Market Lab Report – Weekly Review of PP and BGU Reports for the Week of April 18-22, 2016

This week there were only two PP and BGU reports sent out as the market begins to slow down a bit. Below are notes from the Trading Diaries of Dr. K and Gil on these stocks: New Oriental Education & Technology (EDU) GM – EDU has been a good performer since we first put it on as a pocket pivot within the base on 4/13. The buyable gap-up this past Tuesday came after the company announced a strong earnings report, and it has continued higher since. Only a pullback down close to the intraday low of Tuesday’s BGU day at 37.26 would offer your lowest-risk entry. Notice also that this 37.26 BGU intraday low coincides with the 10-day moving average at 37.25, so both can serve as guides for support on any pullback from current levels. Dr. K – The email on EDU was sent when, after having gapped higher, it was trading roughly mid-bar then continued to rally for the remainder of the day to close near the top of its trading range. Sometimes, one must act fast and buy upon receipt of the email as the risk given EDU’s intraday lows at that point in time was still relatively small.    John Bean Technology (JBT) GM – JBT is expected to announce earnings on Tuesday, so I would not be interested in trying to play “earnings roulette” with this. The stock has had a decent price run over the past 5-6 months and this is its third base breakout over that time period. Interestingly, JBT has bucked much of the market weakness seen in late summer 2015 and in January of this year as it has steadily built base after base on the way up. For my money, however, this stock is far too thin for me to play, as I prefer bigger stocks trading more average daily volume. In general, larger average daily volume = greater institutional participation, although this does not apply 100% of the time.
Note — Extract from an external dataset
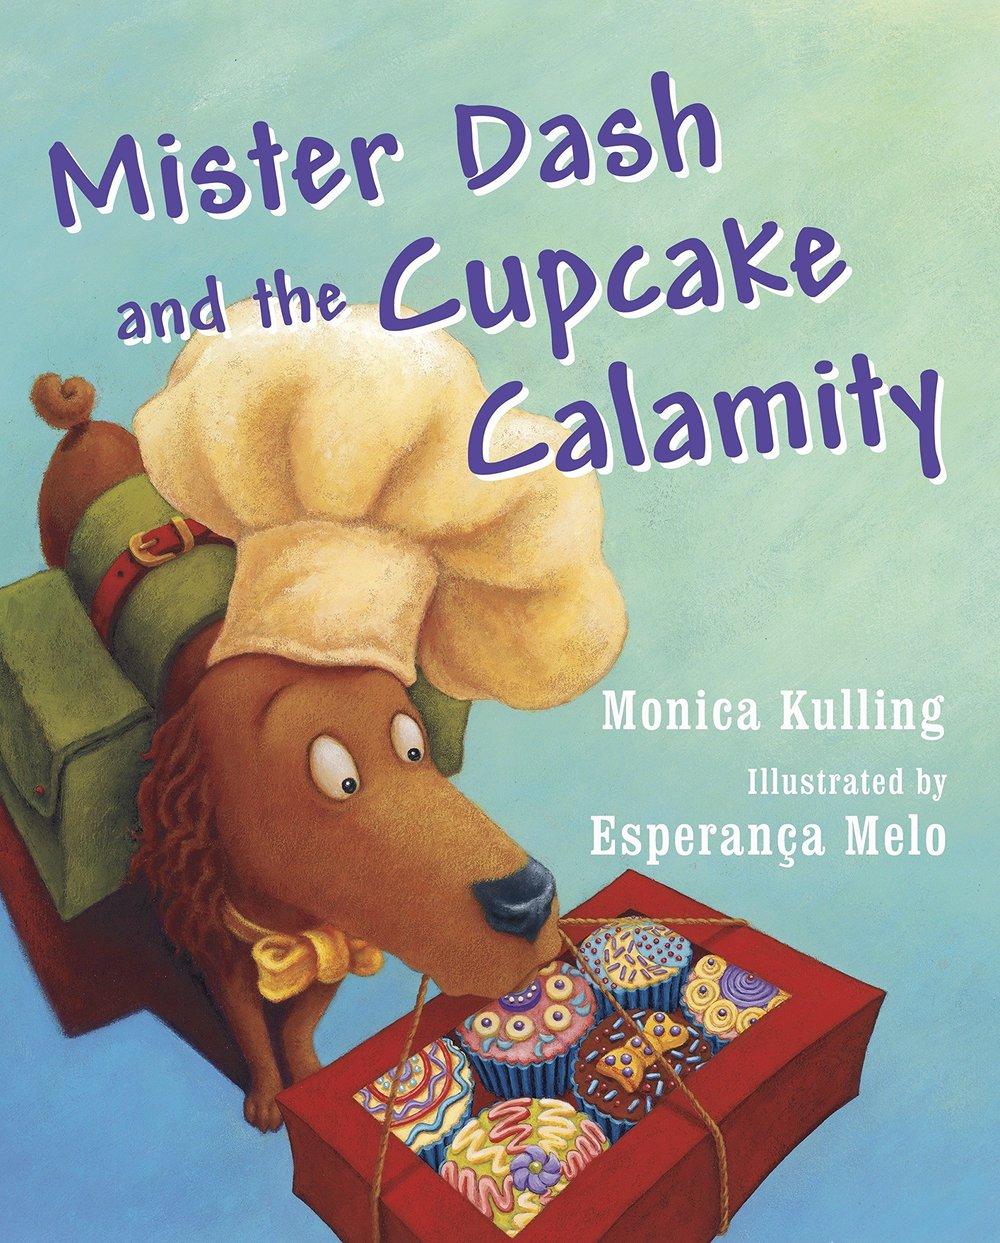 mister-dash-and-the-cupcake-calamity.jpg

Smaller names with outstanding potential can often be accumulated by small-cap funds, albeit in smaller size given their low liquidity. Dr. K – JBT gapped higher then undercut the low of the gap up day the next day by more than 1-2% so should have been sold. Typically, a 1-2% undercut of the low of the gap up day is permissible. The market has favored larger cap stocks thus given the challenging nature of this environment which has been with us for quite some time, it is best to have any many variables stacked in your favor. That said, if you wish to try your hand at any smaller cap names, a smaller position size or a tighter stop loss is recommended.